After one week into the play of India’s central bank’s notice to all banks and companies dealing with cryptocurrencies, an anonymous source close to the government has suggested that the government is not looking at a blanket ban on the market and just may stay and subsequently scrap the RBI mandate, dated 6th of April.
The government official, who wished to remain anonymous, is part of the panel that is discussing the future of the market in the country. He said that, though the RBI mandate has been successfully enforced as of last week, it is very unlikely for that the government will push for a complete blanket ban of the market.
The Reserve Bank of India, on the eve of 6th of April, released a decree giving notice to all banks and companies registered with them to suspend all cryptocurrency accounts and dealings within a span of three months. The deadline for this particular decree expired on the 6th of July.
The basic idea of the ban was to make sure that it wasn’t possible for people to buy cryptocurrencies directly from their bank accounts, thereby isolating the Indian economy from the cryptocurrency market.
As soon as the decree was announced and it made the rounds in media circles, it triggered a large number of lawsuits against the central bank, criticizing the lack of research and premise of the decision. The lawsuits are still in trial and the fact that they still are did not coerce the Supreme Court of India to issue a stay on the ban.
Along with the series of lawsuits, there was also a Right To Information application that was filed by a cryptocurrency enthusiast in the country to find out what the actual premise of the decision was, that led to the Reserve Bank of India calling for such a blatant ban. The response to the RTI went on to prove that there had actually been no research or said the reason for the ban.
Despite the loud hue and cry of the cryptocurrency community of the country, the ban came into effect on the 6th of July. Making it harder for the participants to buy and convert to any cryptocurrency using the Indian legal tender, the Indian Rupee (INR).

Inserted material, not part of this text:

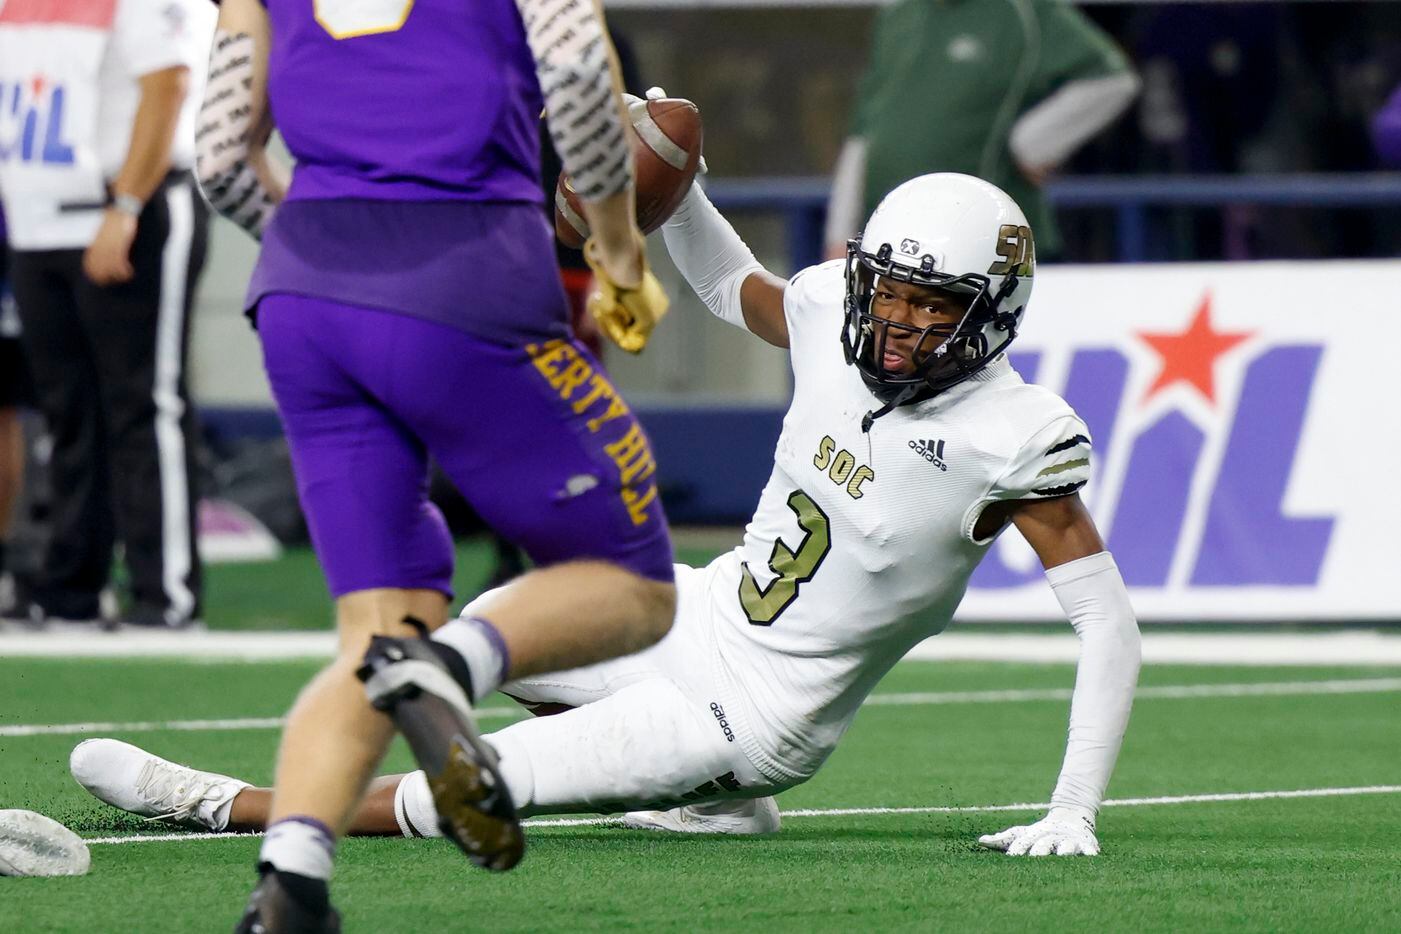 South Oak Cliff wide receiver Kylin Mathis (3) reacts after making a catch during the second half of their Class 5A Division II state championship game against Liberty Hill at AT&T Stadium in Arlington, Saturday, Dec. 18, 2021. South Oak Cliff defeated Liberty Hill 23-14 for Dallas ISD’s first title since 1958. (Elias Valverde II/The Dallas Morning News)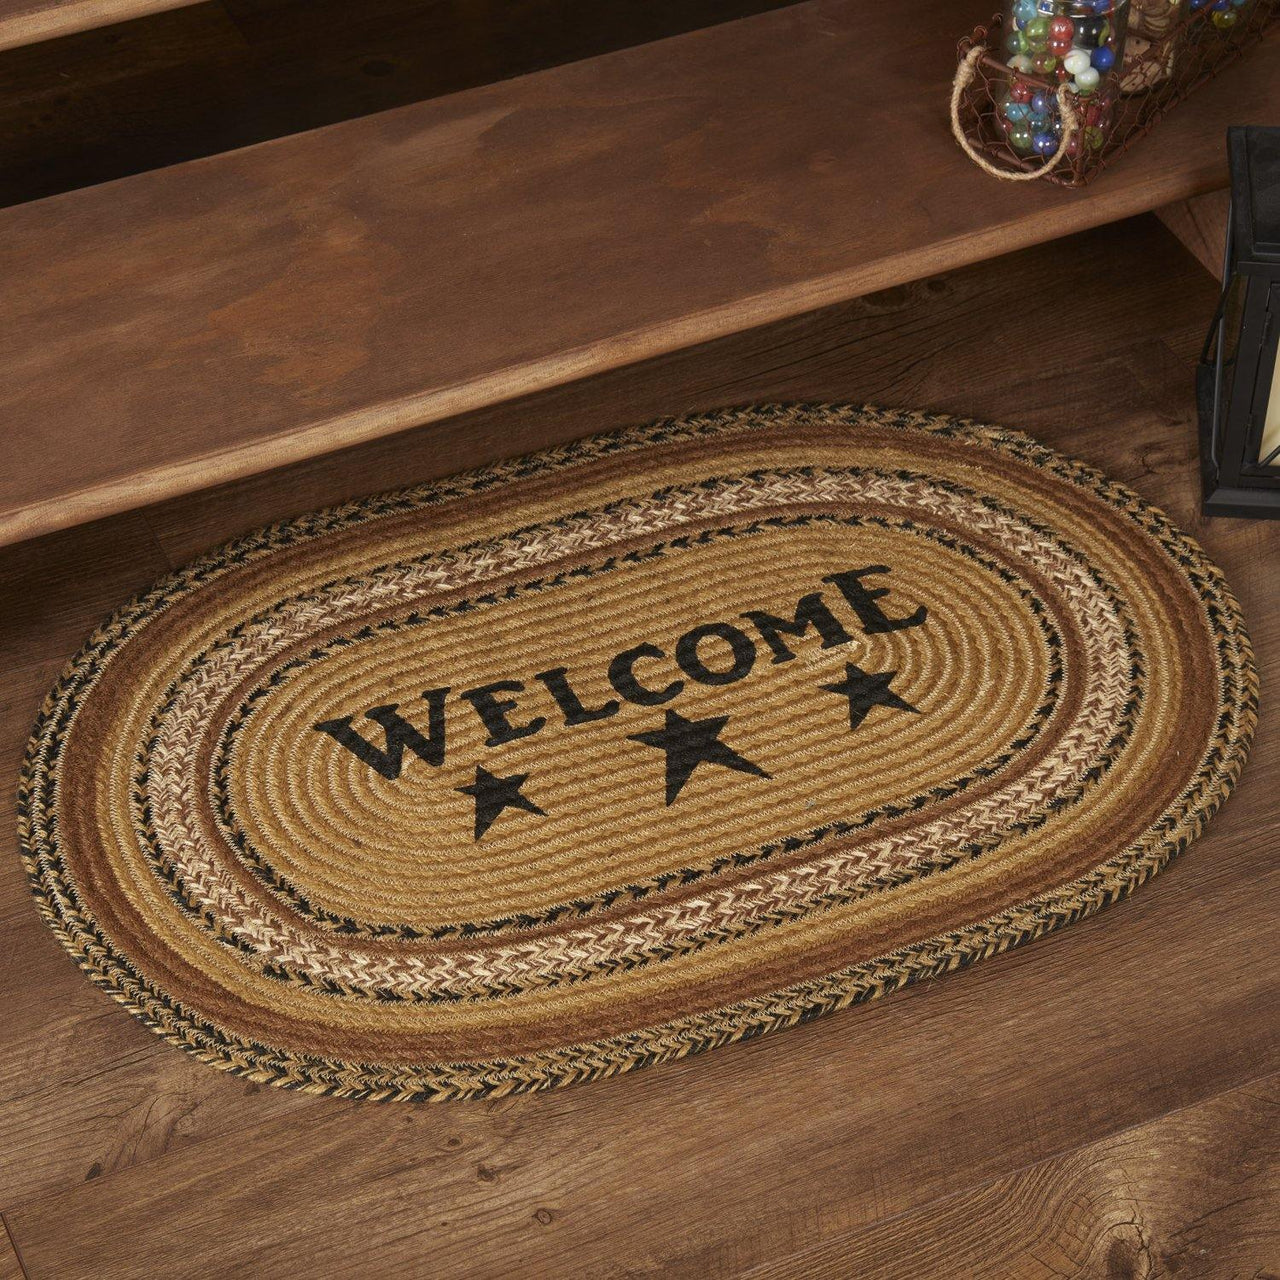 Kettle Grove Jute Rug Oval Stencil Star Welcome 20"x30" with Rug Pad VHC Brands - The Fox Decor

But as reported by Quartz, the statement made by the senior government official who is part of the cryptocurrency panel comes as a reprieve to the community in India. The government official contradicted the narrative being propagated by Indian media and said,
“Trade is not a criminal offence. Most of us trade in various asset classes in the stock market. So how is this [cryptocurrency trading] any different? What has to be in place is a mechanism to be sure that the money used is not illegal money, and to track its source is the most important thing.”
He went on to say that, “Allowing it as a commodity may let us better regulate trade and so that is being looked at.”
This, as of now, is music to the ears of the entire cryptocurrency community in India. But what will be done to solidify these statements in terms of actions still remains to be seen.